Last Sunday against East Carolina, No. 1 Virginia baseball’s batting order included the reigning ACC Player of the Week, last year’s conference batting champion, two players honored as Baseball America Preseason All-Americans and the 2013 ACC Freshman of the Year. Despite this, the player who gave the Pirates’ staff the most trouble in the Cavaliers’ 6-2 victory may well have been Matt Thaiss, the freshman designated hitter who ended the day 3 for 4 with a pair of doubles, two runs scored and an RBI.

“You can tell he’s learning each and every at-bat and, again, taking what he’s given,” junior outfielder Derek Fisher said. “And, obviously, he’s driving balls in the gap. But, I mean, he’s taking advantage of the mistakes and battling with two strikes, and fortunately they’re going in the gaps for him. But he’s hitting balls hard, and I’m sure that’s all he can ask for.”

While veteran standouts like Fisher, junior centerfielder Brandon Downes and junior first baseman Mike Papi did much of the heavy lifting in the Cavaliers’ weekend sweep, Thaiss showed he too is capable of driving the ball. The sturdy freshman — one of Virginia’s many viable options at catcher along with junior Nate Irving, sophomore Robbie Coman and Downes — hammered a two-out double to left field to chase East Carolina starter David Lucroy from the ballgame in the third inning. He struck again two innings later, singling off senior right-hander Ryan Williams and coming home on sophomore third baseman John La Prise’s base knock.

Thaiss, a Boston Red Sox draft pick out of high school, says he is eager to contribute to Virginia however he can, crediting his teammates for his early-season success — perhaps best statistically captured by his .353 batting average and four doubles in 17 at-bats.

“I mean, everyone has just given me pieces of information,” Thaiss said. “Defensively, Nate Irving [and] Robbie Coman — you know, they’ve gotten me through the whole fall and spring. You know, it’s really tough to catch here and learn the system, and they’ve been helping me as much as they can. On the offensive side, same thing. Nate [Irving], Derek [Fisher], Mike [Papi], I mean all the older guys … [I’m] just learning from their experience. And it really helps. It really pays off.”
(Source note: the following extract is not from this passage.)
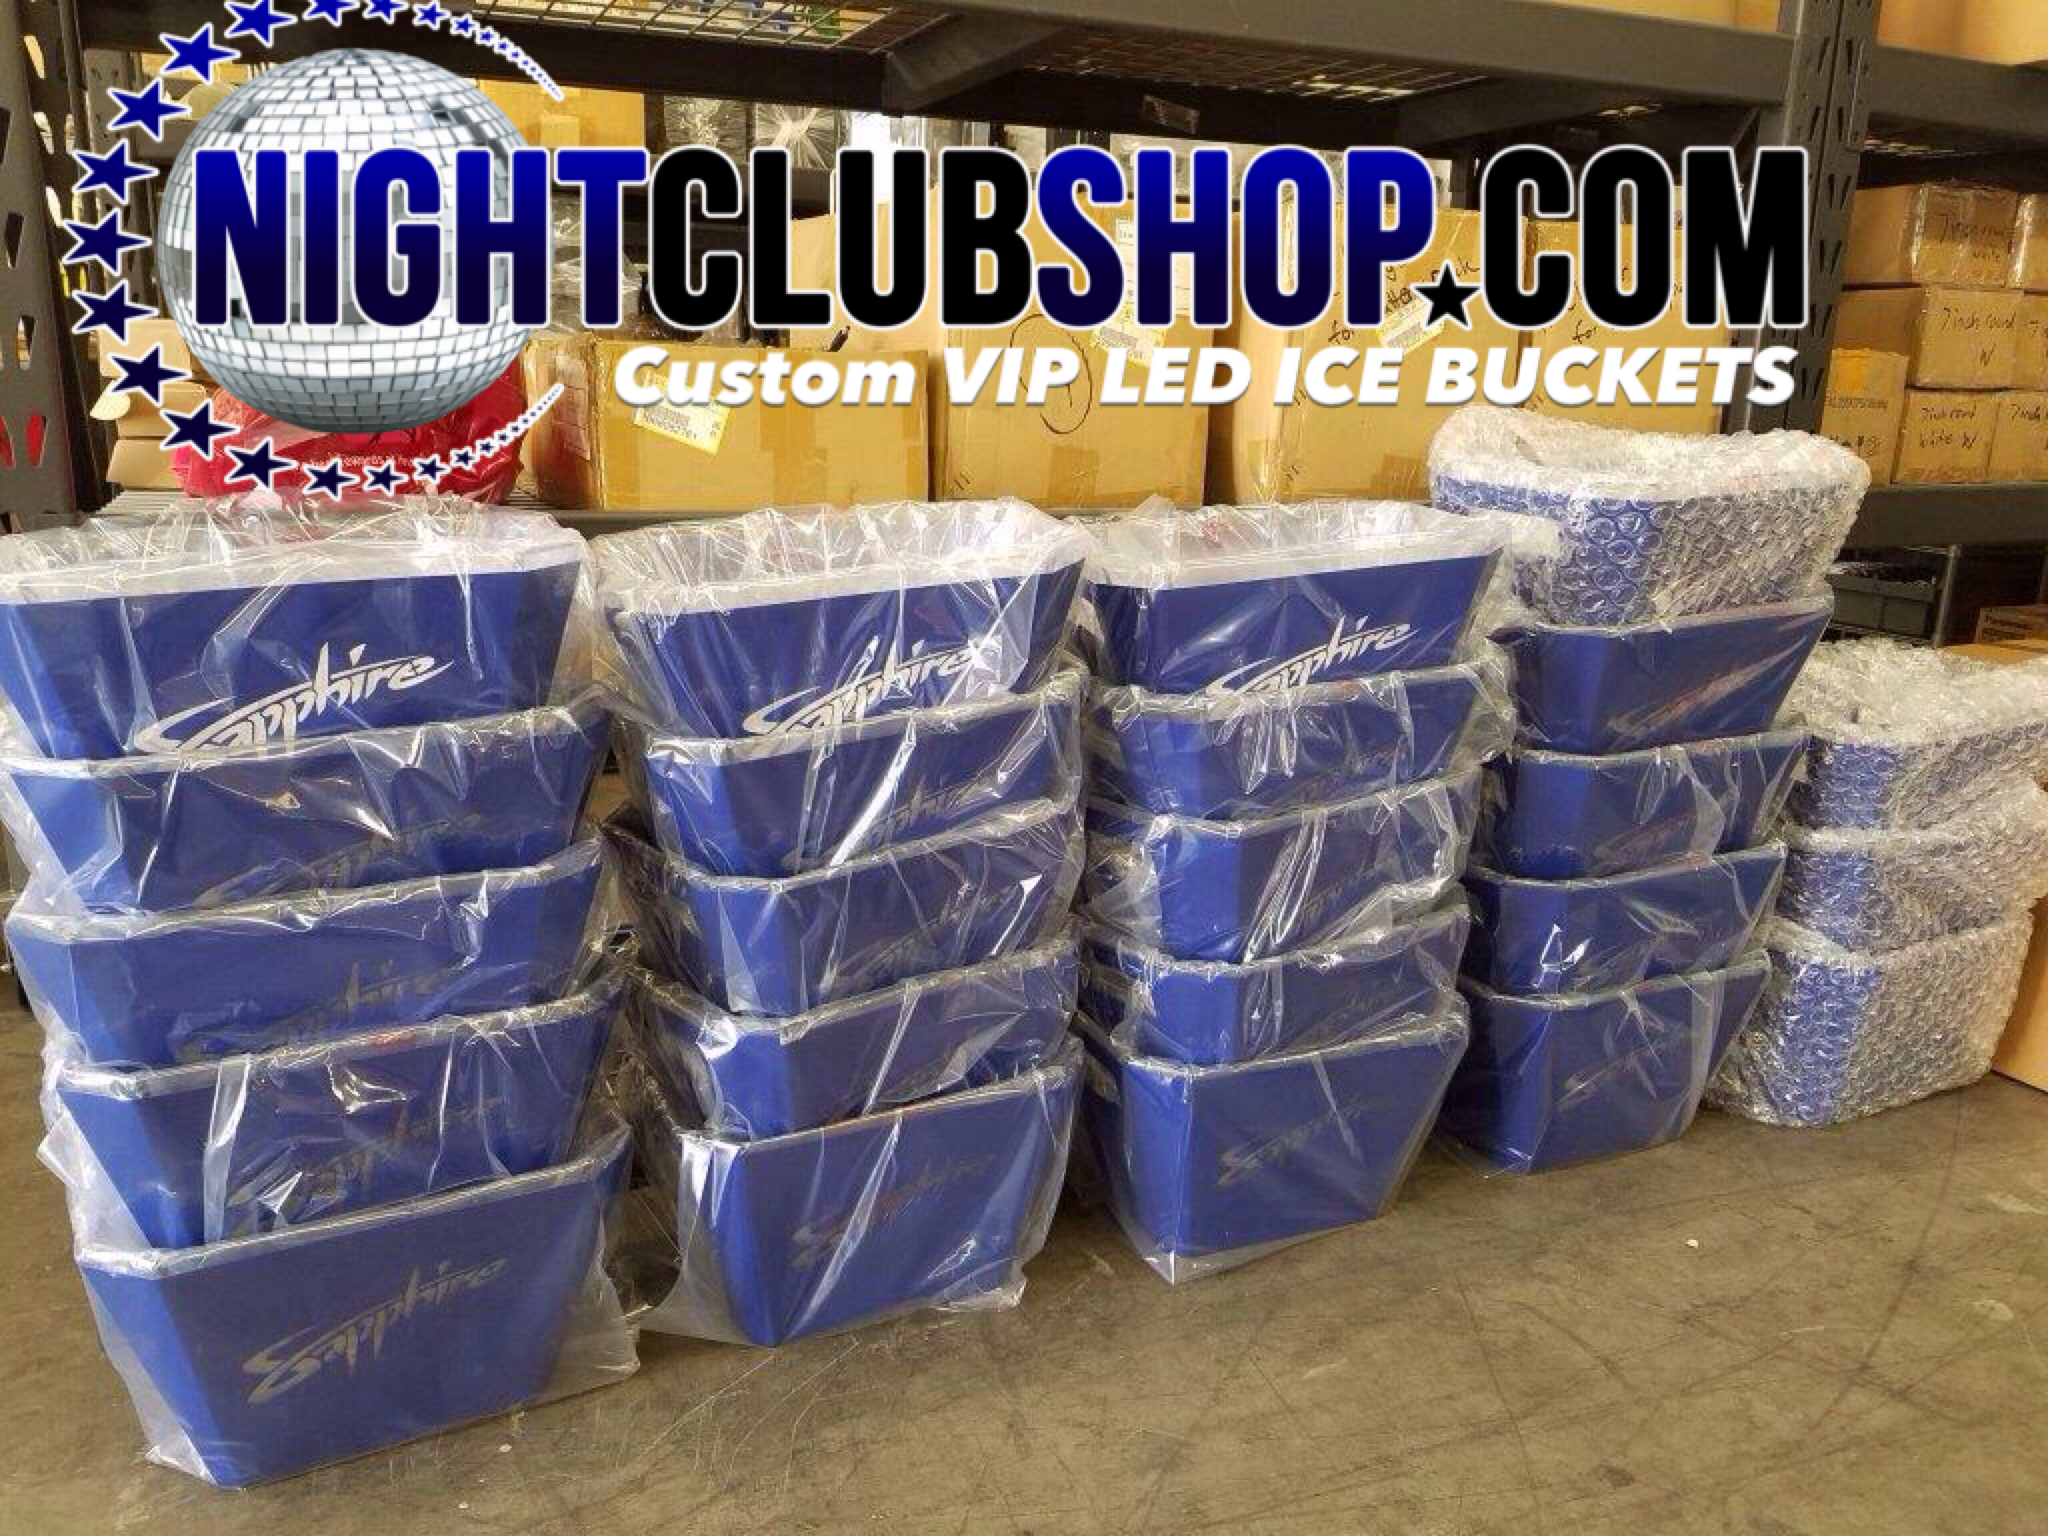 led-ice-bucket-bottle-present-tub-custom-brand-bulk-nightclubshop.png

Virginia (6-1) has played winning baseball since an opening-day loss to Kentucky in the Hughes Bros. Challenge in part because of the depth of its lineup and pitching staff. Freshmen, from Thaiss to shortstop Daniel Pinero and reliever Connor Jones, have stepped up early for the Cavaliers, while returning players have embraced novel roles. Sophomore right-hander Josh Sborz, who pitched out of the bullpen last year and is 2-0 as a starter in 2014, sees the strength of the Cavaliers’ pitching corps as a vehicle for success.
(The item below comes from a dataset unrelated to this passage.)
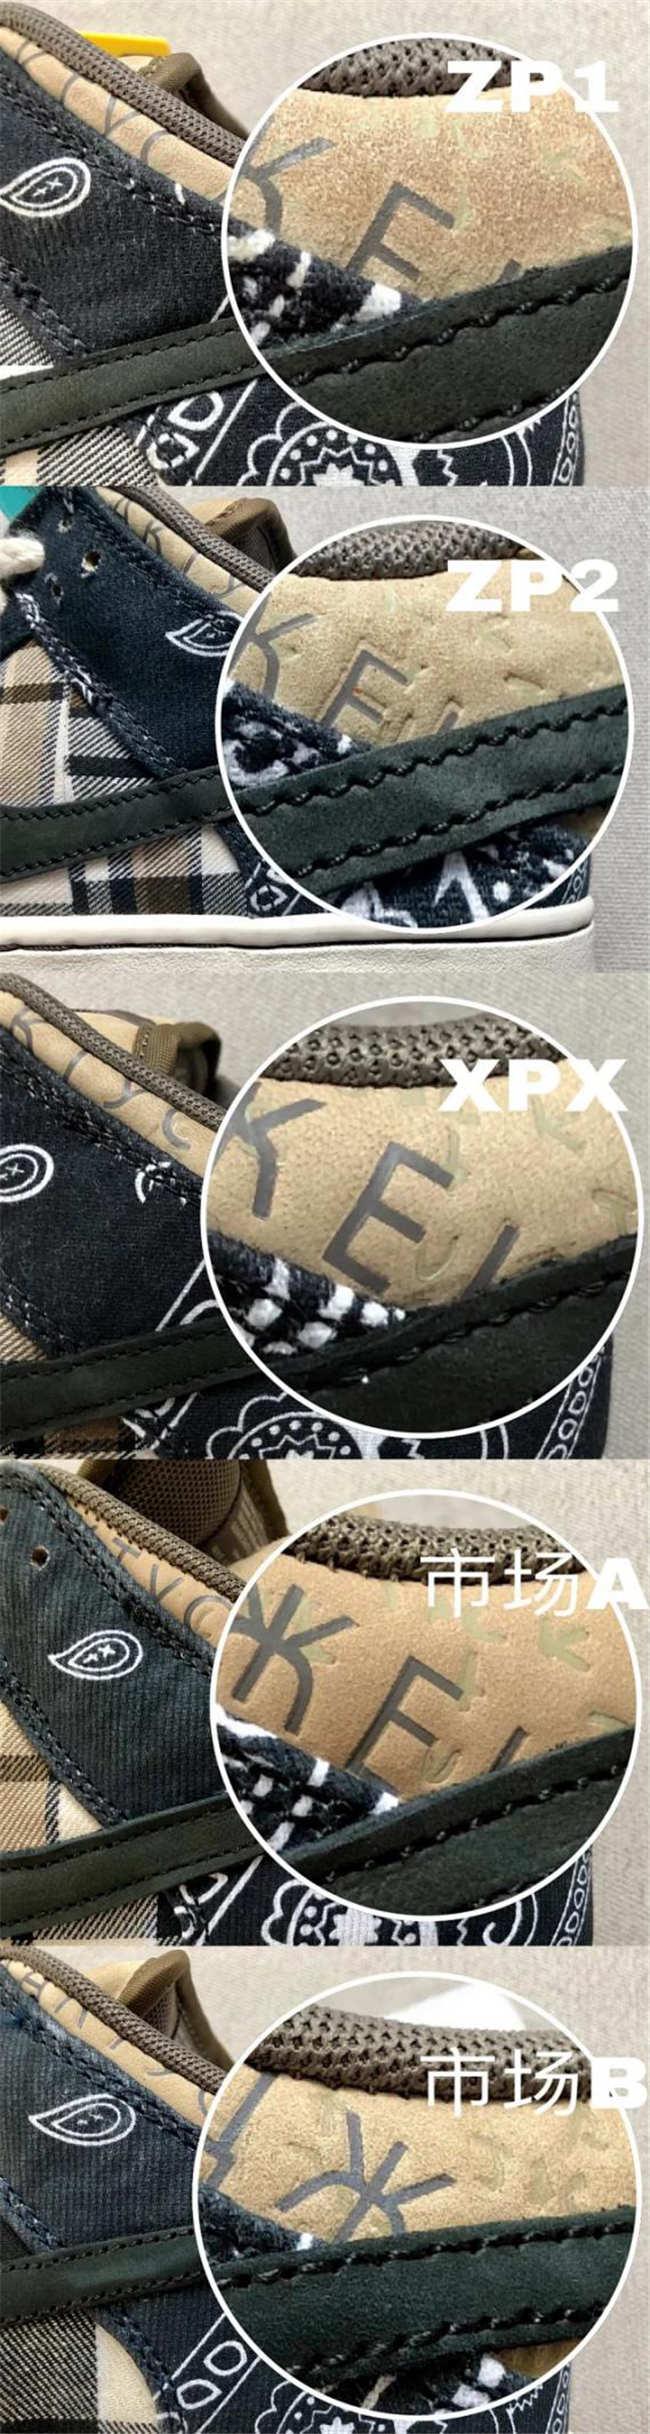 TS Nike sb dunk腰果花真假對比 nike腰果花怎么撕

“From the top to the bottom, everyone can pitch here,” Sborz said. “Everyone competes well, and that’s all we’ve got to do. If we keep that up, we should be great all the way through.”

Tuesday, the Cavaliers take on Virginia Military Institute, an opponent Virginia has already played once this season. The Keydets (4-2) lost 12-0 to Virginia at the Hughes Bros. Challenge, but have proceeded to post four straight wins since that game. The Cavaliers certainly are not looking past their competitors from the Big South, who returned seven everyday starters from last year’s 20-35 squad, including All-Conference catcher Matt Winn.

“VMI’s always a team that’s going to play us hard,” Fisher said. “I know in 2011, [they] actually stuck it to [us] pretty good, before I was here. And, you know, playing a team like that — a midweek team that’s going to battle — I think is the best thing that we can do, because you can’t really take any days off.”

VMI is coming off its own three-game sweep of Lafayette at home in Lexington, Va. The Keydets outscored the Leopards 16-4 in the series, and, in Friday’s contest, junior right-hander Reed Garrett tossed a 13-strikeout no-hitter.

Virginia fans came to Davenport in force this past weekend — Sunday’s crowd was the largest ever for a home game in February — in a long-coming development coach Brian O’Connor sees as reciprocal and beneficial to both players and fans.

“We feel like we’ve built a pretty good brand in this community that Virginia baseball’s exciting,” O’Connor said. “It’s fun to come out and watch, and certainly we couldn’t do it without those fans.”

First pitch is set for Tuesday at 3 p.m.